El hogar, dulce hogar
con su lumbre de leña.
Paraiso furtivo. Ardor clamoroso
de bulliciosos pájaros y flores.
Incesantes mariposas de colores
que parecen encantadas
de haberse convertido en mariposas
sin saber que es efímero el verano.
Temprano, muy temprano
sentí en mi pecho las emociones
que trae la siembra y la nevada,
pero aquí no caben leyes si razones,
ni el verano aquí del todo acaba.
(Que donde la ciudad termina
no se construían chalés de lujo,
tampoco mansiones).
Por eso, cuando la sabia naturaleza
se manifiesta en absoluta libertad,
la rosa canta, el mirlo se perfuma
y el tibio aire al son de la mañana
abundante esencia de aromas destapa.
Después de la lluvia o nevada, el sol
coordina, se abre espléndida la tierra
y brota, concediéndonos estaciones,
tiempo, días, horas, momentos para
rescatar recuerdos y emociones...
entonces es cuando mi vehemente
y alocado corazón
recobra un momento de lozanía.
¿Quién ante tanta evidencia
no se siente fascinado?
Pero es tan breve su duración,
tan sutil, fugaz y transitorio
el rumor que produce la estampida,
que casi sin darnos cuenta pasamos
de verano a invierno sin otoño,
convencidos de poder resistir la nevada.
Si acontece y sucede, que sucederá...
no hay nada que temer o recelar,
con provisiones se pasa el invierno.
Ya solo queda guarnecerse y esperar,
esperar sin prisa a ver si llueve.
Entretanto, al calor de la lumbre
sin ruido ni asidera me recojo,
permanezco en silencio, callado y prevenido,
alertándome de la posible senda helada,
la senda por donde subir la cuesta de enero.
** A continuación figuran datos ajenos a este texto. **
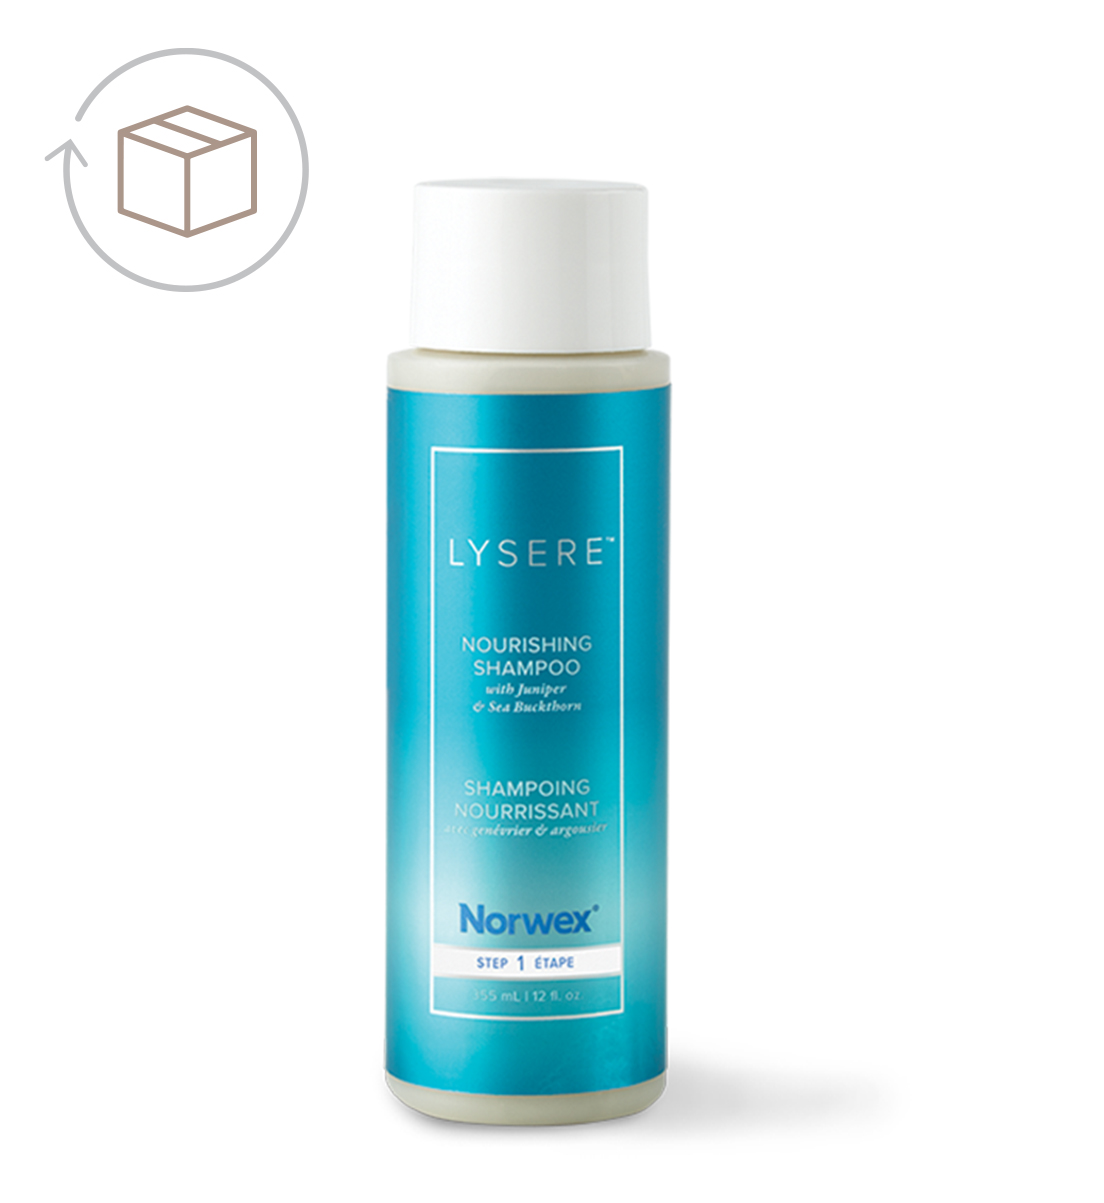 Lysere Nourishing Shampoo
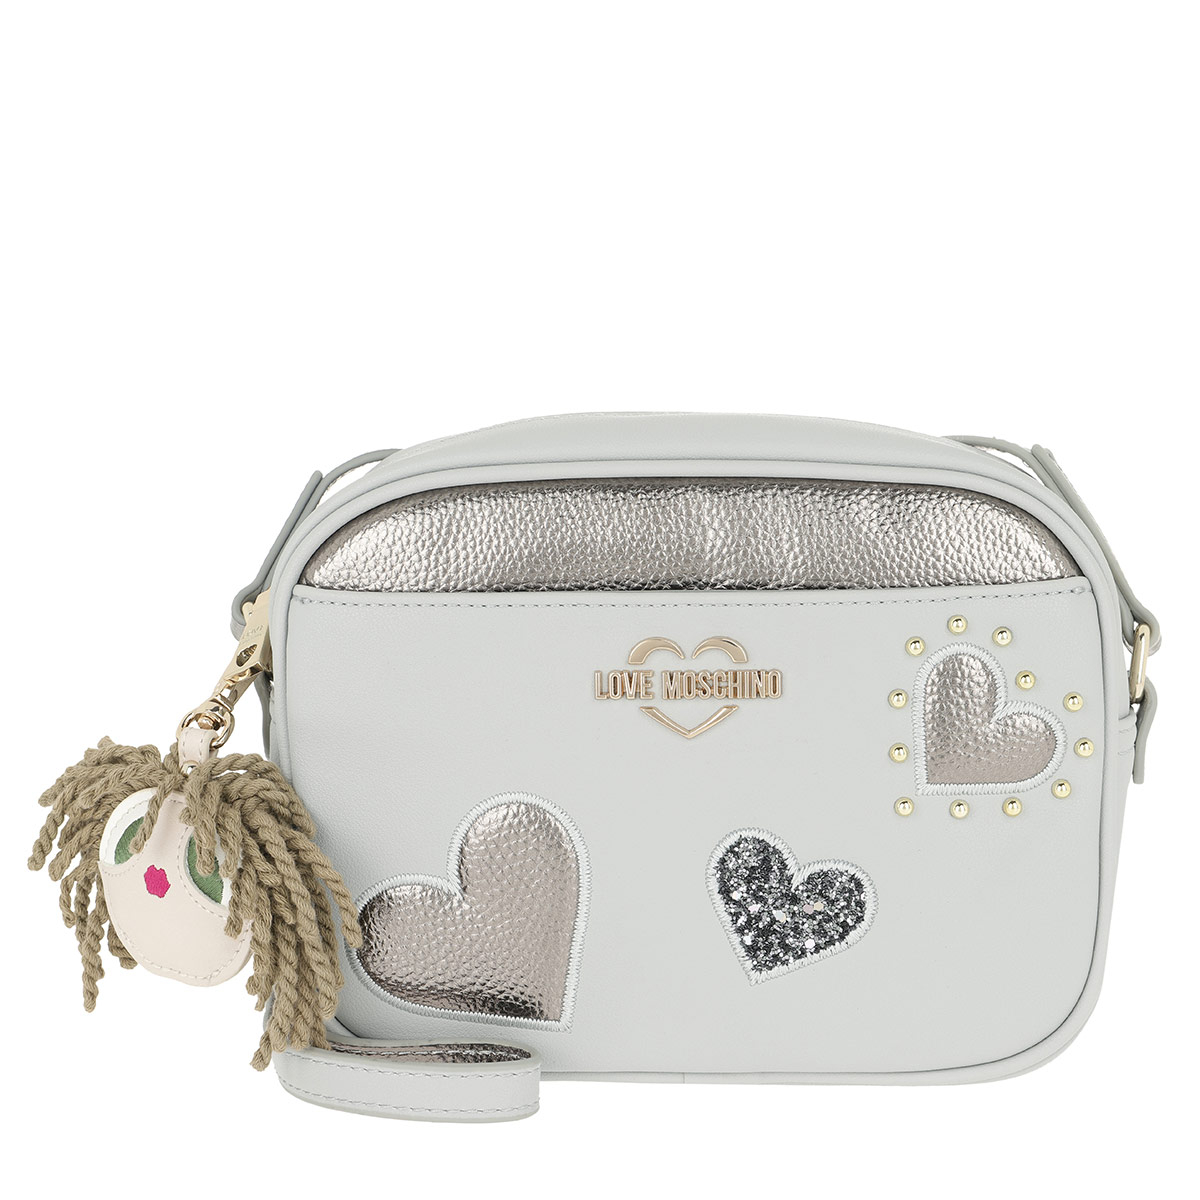 Love Moschino Umhängetasche - Charming Dolls Crossbody Bag Grey - in grau - für Damen

Amanecer, auparse, asomarse y ver
los almendros en flor, las flores
son una plena visión de esperanza
que nos llena de anhelantes deseos,
logrando evocaciones y recuerdos
que buscamos, porque donde
la ciudad termina "el pueblo es".
Cielo y tierra, en hermandad se unen
de inmediato, juntos tañen y voltean
tocando a festejo sin campanas,
con alegría nos muestran sus primores
y espacio abierto nos brindan
para rescatar recuerdo y emociones.
Y todo, todo donde la ciudad termina.